Filme über Prinzessin Diana: Fiktionale und Dokumentarfilme über das Leben einer Legende.
In den letzten Jahren sind einige Dokumentarfilme über Prinzessin Diana erschienen, die die Aufmerksamkeit verdienen. Was nicht verwunderlich ist, denn Diana war eine herausragende Persönlichkeit.
Prinzessin Diana, die ehemalige Frau des britischen Thronfolgers Charles, bleibt eine der meistdiskutierten und umstrittensten Figuren des 20. Jahrhunderts. Ihr tragischer Tod im Jahr 1997 heizte das öffentliche Interesse an ihrem Leben, ihrer Liebe, ihrem Leiden und ihrem philanthropischen Engagement nur an. Filmstudios und Fernsehsender auf der ganzen Welt setzen ihre Bemühungen fort, Filme zu erstellen, die versuchen, ihr Rätsel zu entschlüsseln.
Es gibt sowohl fiktionale Filme, die eine eigene Sichtweise auf die Ereignisse anbieten, als auch Dokumentarfilme, die versuchen, die Geschichte so genau wie möglich auf der Grundlage von Fakten zu rekonstruieren. Jeder Film bietet seinen eigenen Blick auf die „Königin der Herzen“ und beleuchtet verschiedene Phasen ihres Lebens – von der verliebten Braut bis zur einsamen Frau in der Falle der königlichen Familie.

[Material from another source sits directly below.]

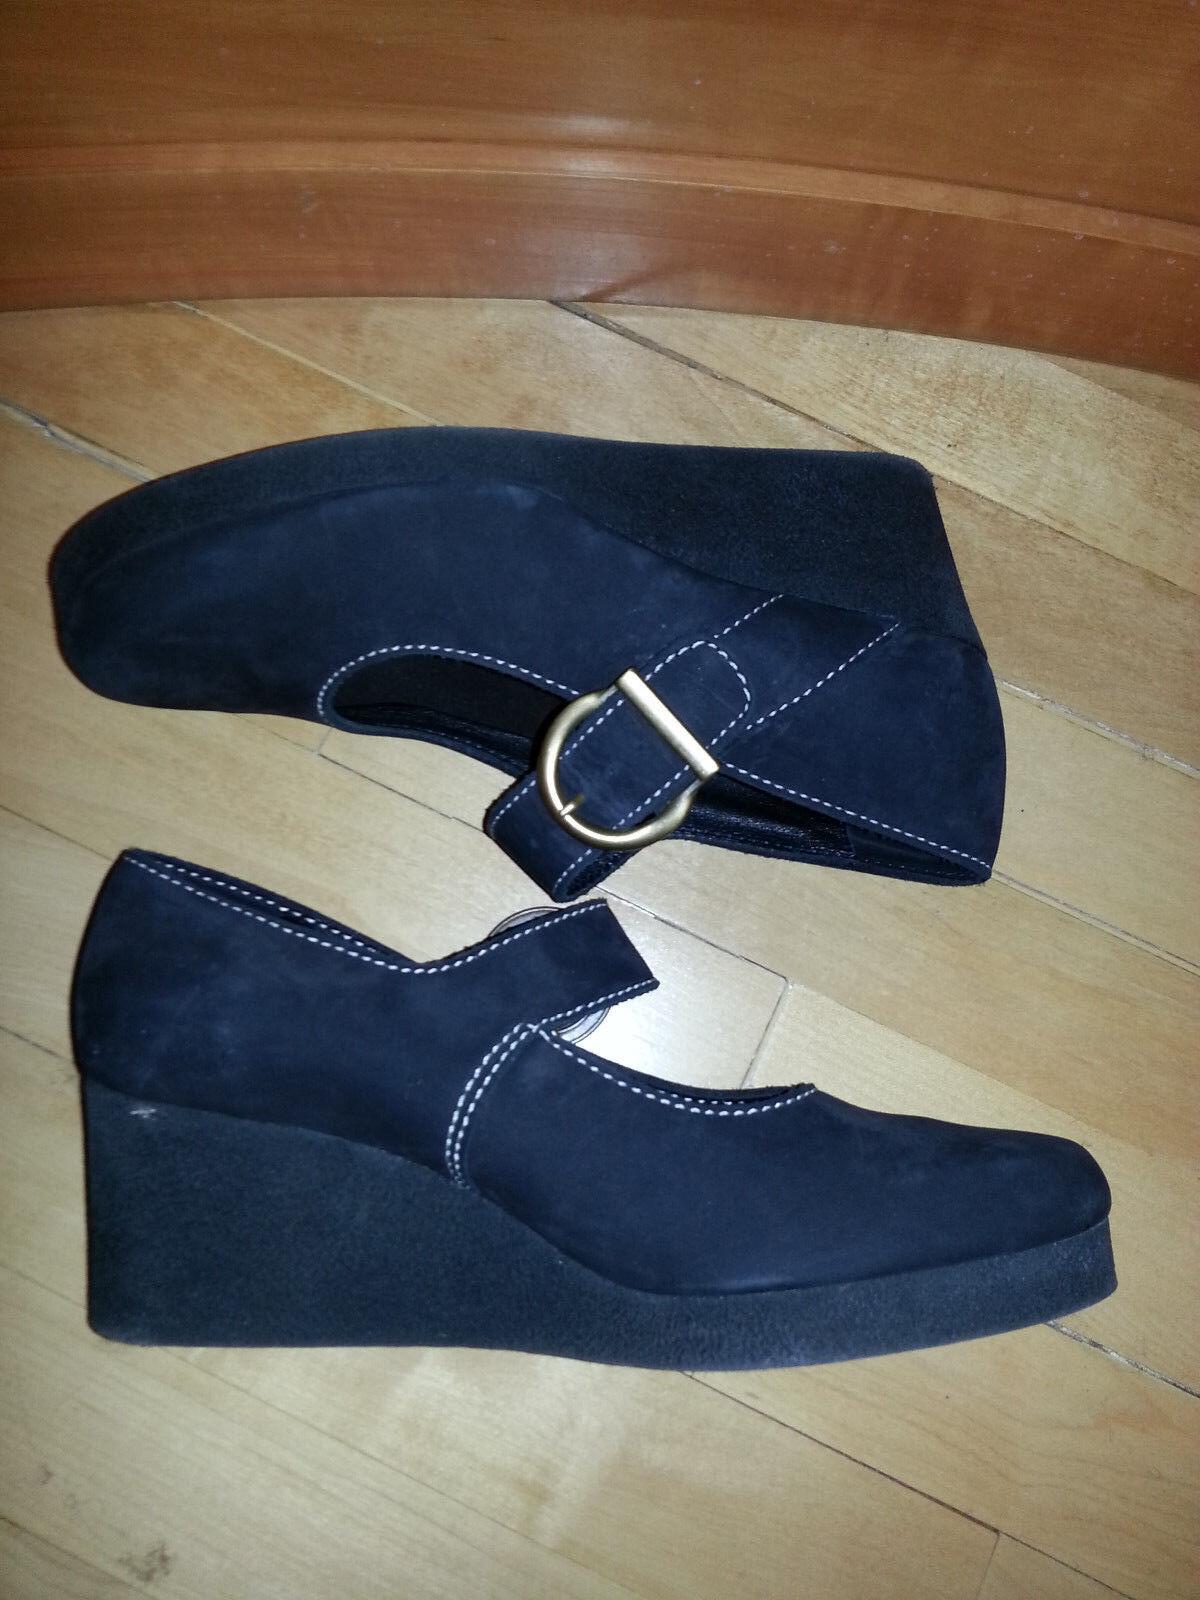 sconto online di vendita New  ARCHE LN LN LN nero Nubuck scarpe with Chunky Wedge and Buckle Strap, 41  autorizzazione

Filme über Prinzessin Diana
Es gibt zahlreiche Filme, die Diana gewidmet sind, die sich sowohl im Genre als auch im chronologischen Umfang unterscheiden. Sie reichen von akademischen Studien bis zu freieren künstlerischen Interpretationen. Einige von ihnen konzentrieren sich auf bestimmte Ereignisse, wie ihren Tod oder ihre unglückliche Ehe. Andere versuchen, ihr ganzes Leben zu erfassen. Lassen Sie uns die bedeutendsten unter ihnen betrachten.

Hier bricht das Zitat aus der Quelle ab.